┏━━

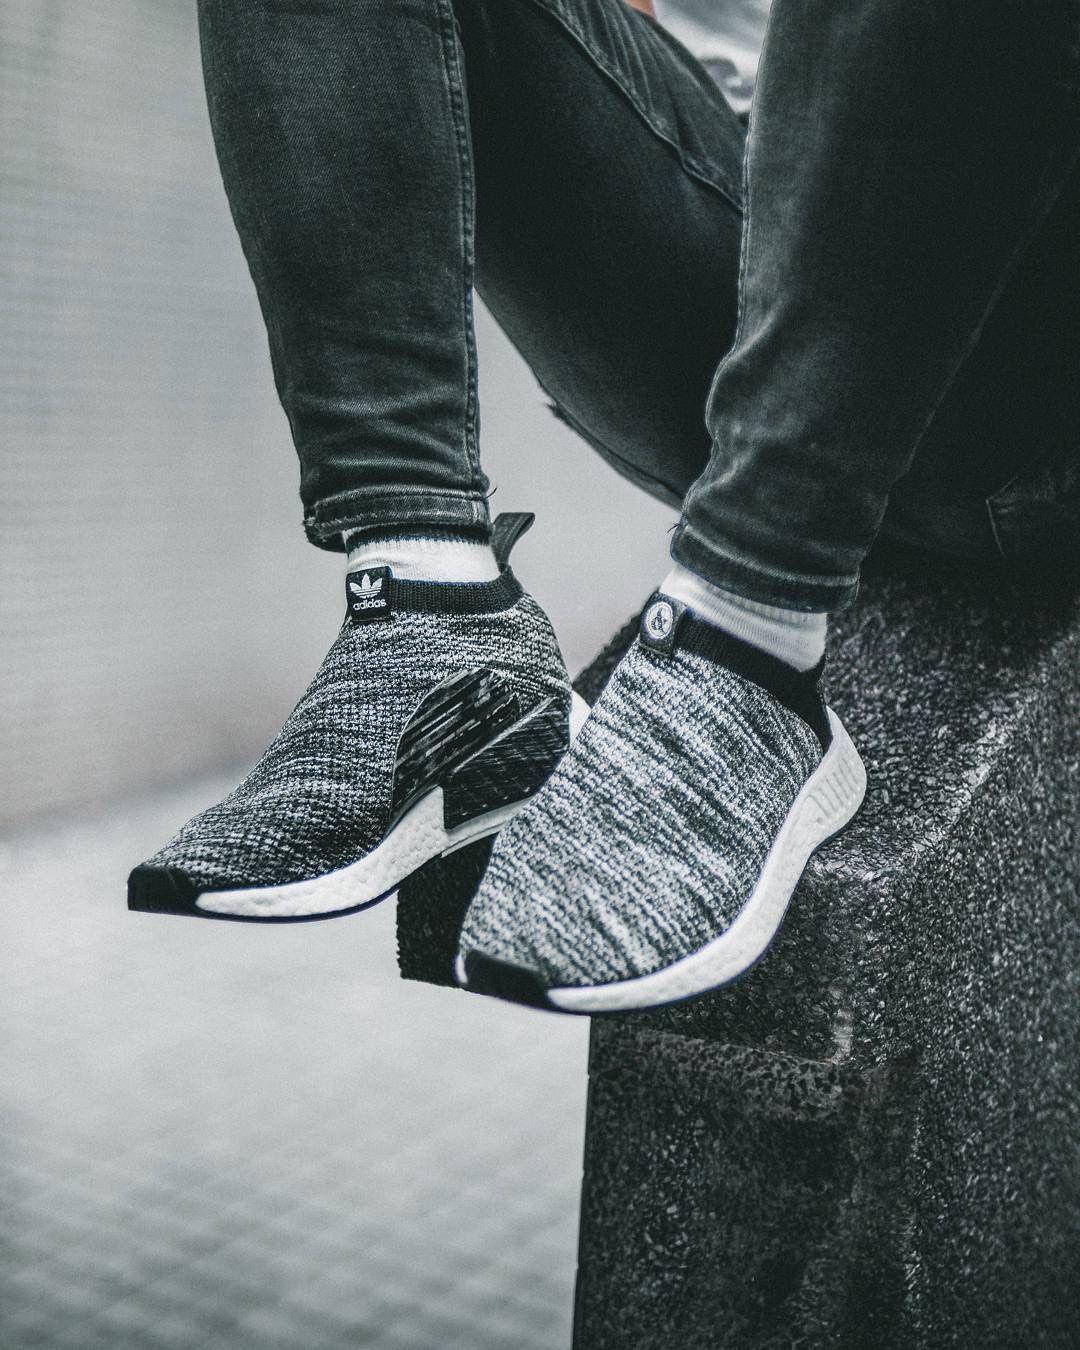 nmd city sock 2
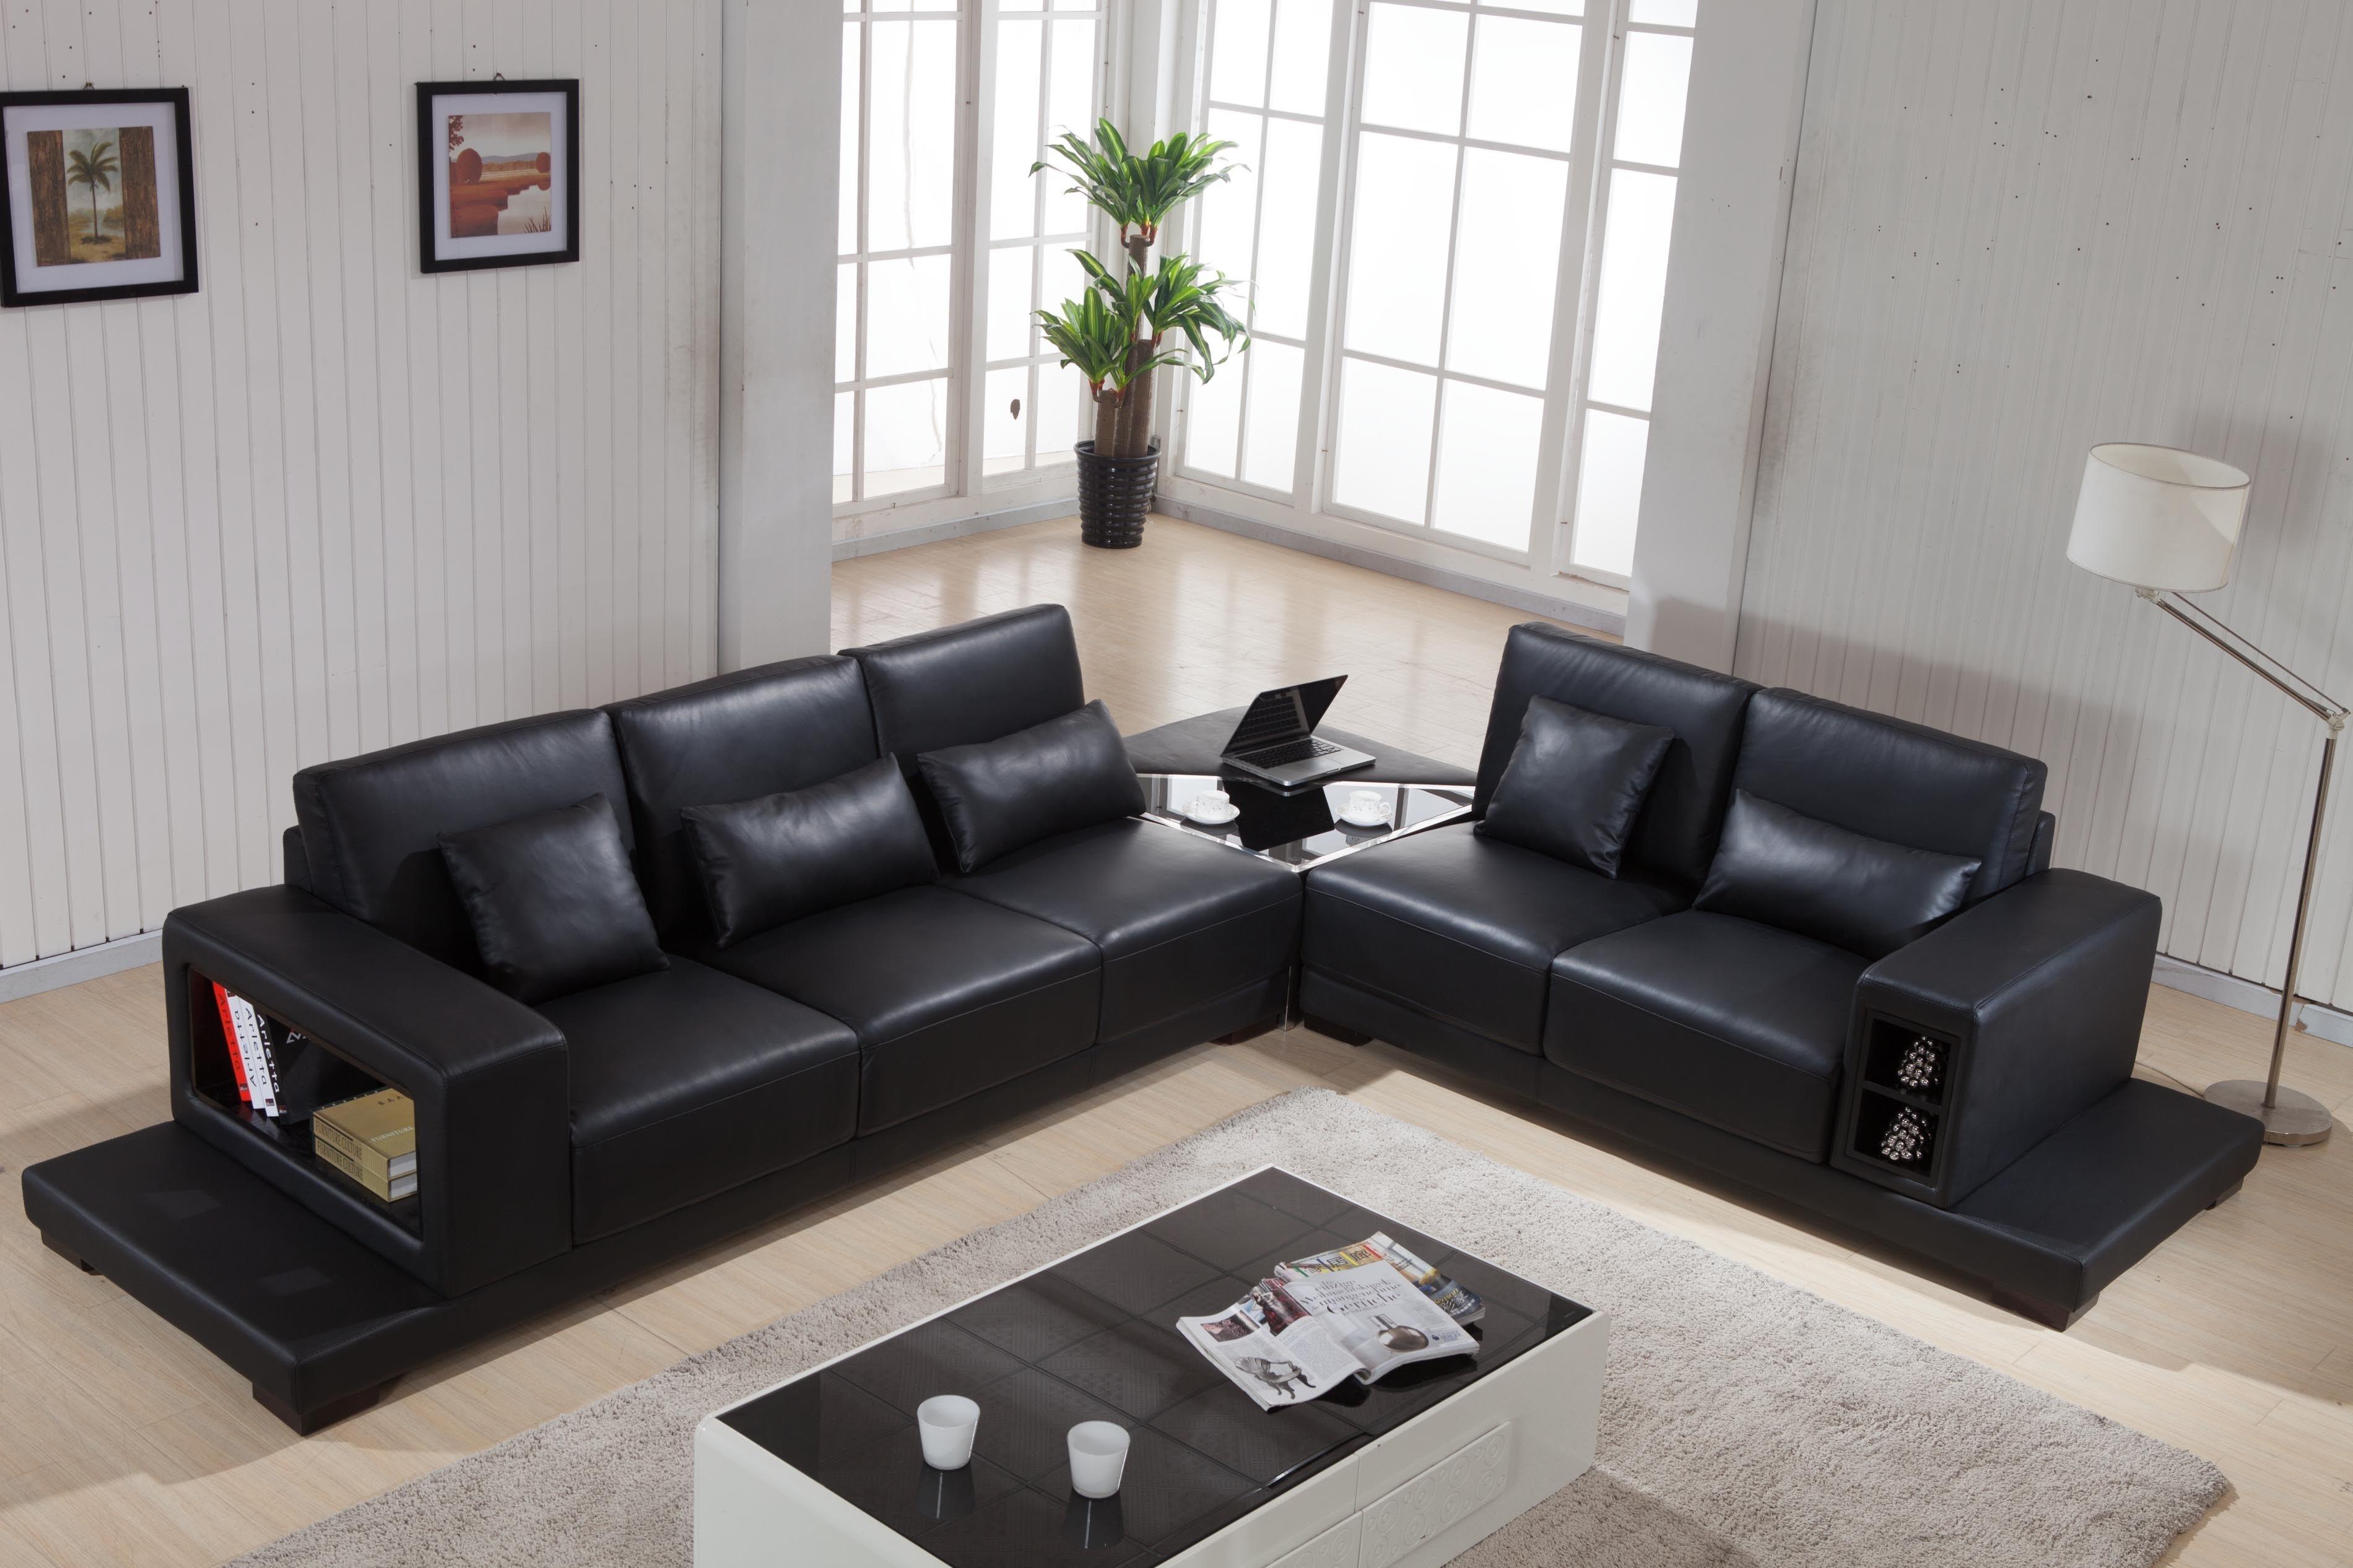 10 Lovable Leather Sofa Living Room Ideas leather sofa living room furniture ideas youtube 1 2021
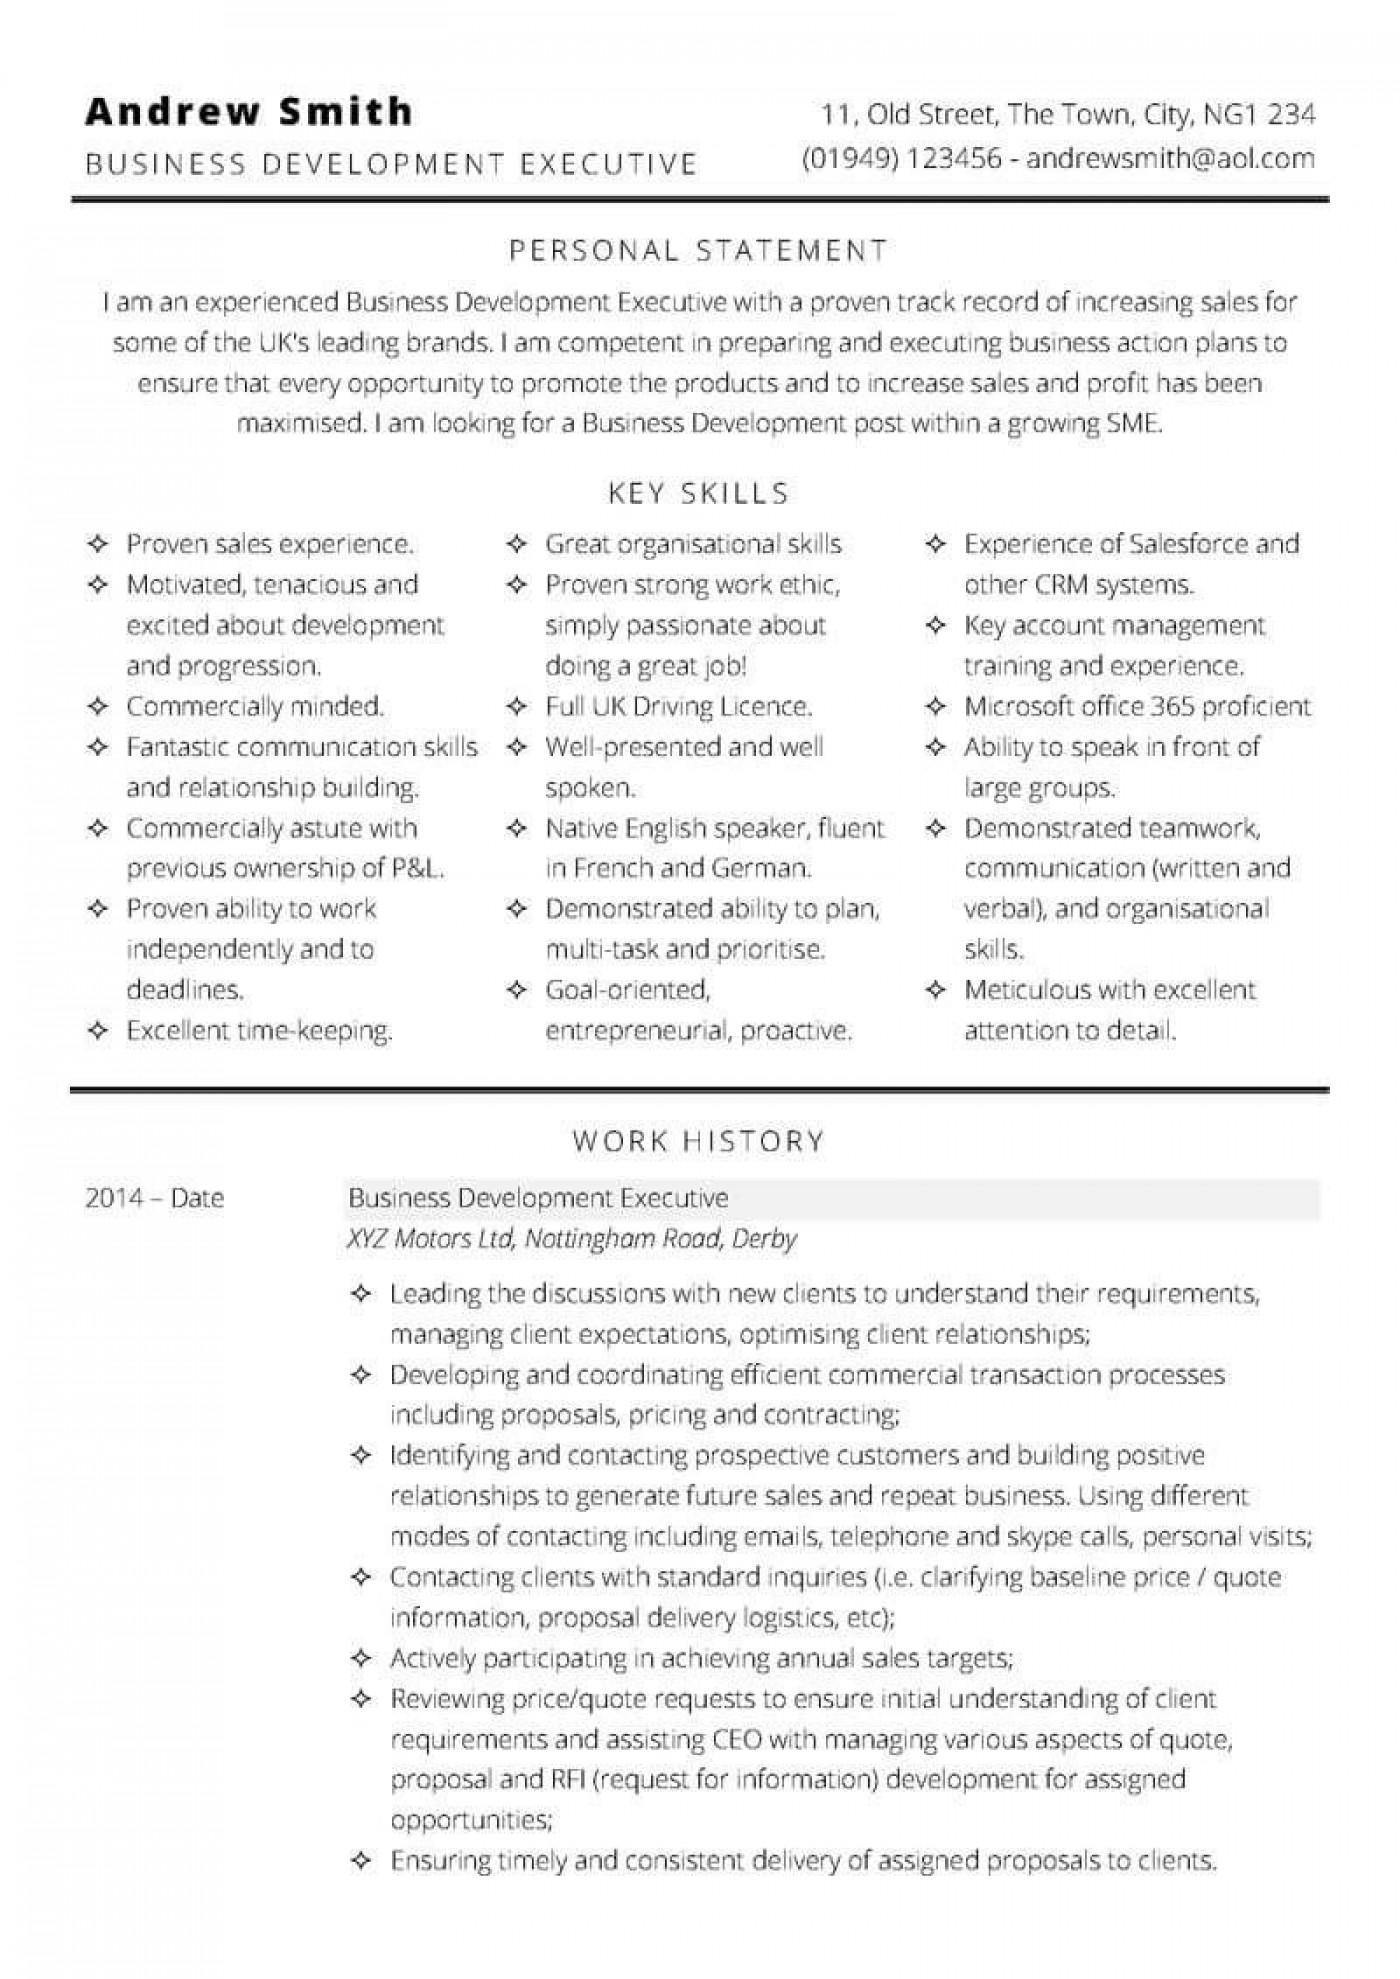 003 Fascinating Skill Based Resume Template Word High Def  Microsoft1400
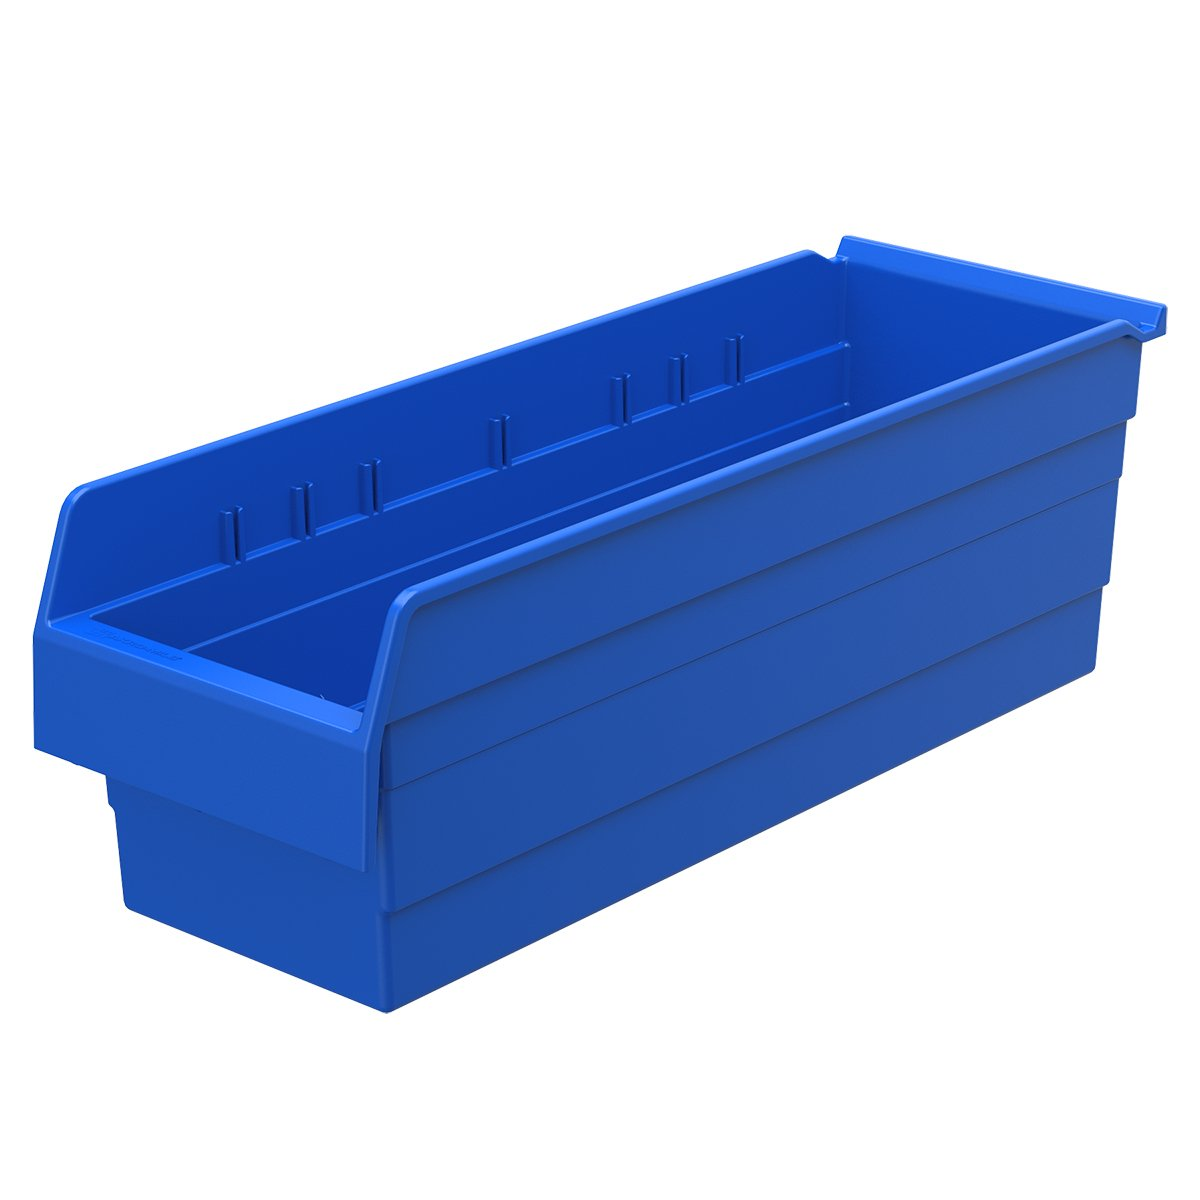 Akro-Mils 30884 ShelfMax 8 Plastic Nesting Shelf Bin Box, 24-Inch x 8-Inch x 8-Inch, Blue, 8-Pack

┗━━

* _Problem_
Repeat the full listing above exactly, with no pictures in the copy.

* _Solution_
 nmd city sock 2
 10 Lovable Leather Sofa Living Room Ideas leather sofa living room furniture ideas youtube 1 2021
 003 Fascinating Skill Based Resume Template Word High Def  Microsoft1400
 Akro-Mils 30884 ShelfMax 8 Plastic Nesting Shelf Bin Box, 24-Inch x 8-Inch x 8-Inch, Blue, 8-Pack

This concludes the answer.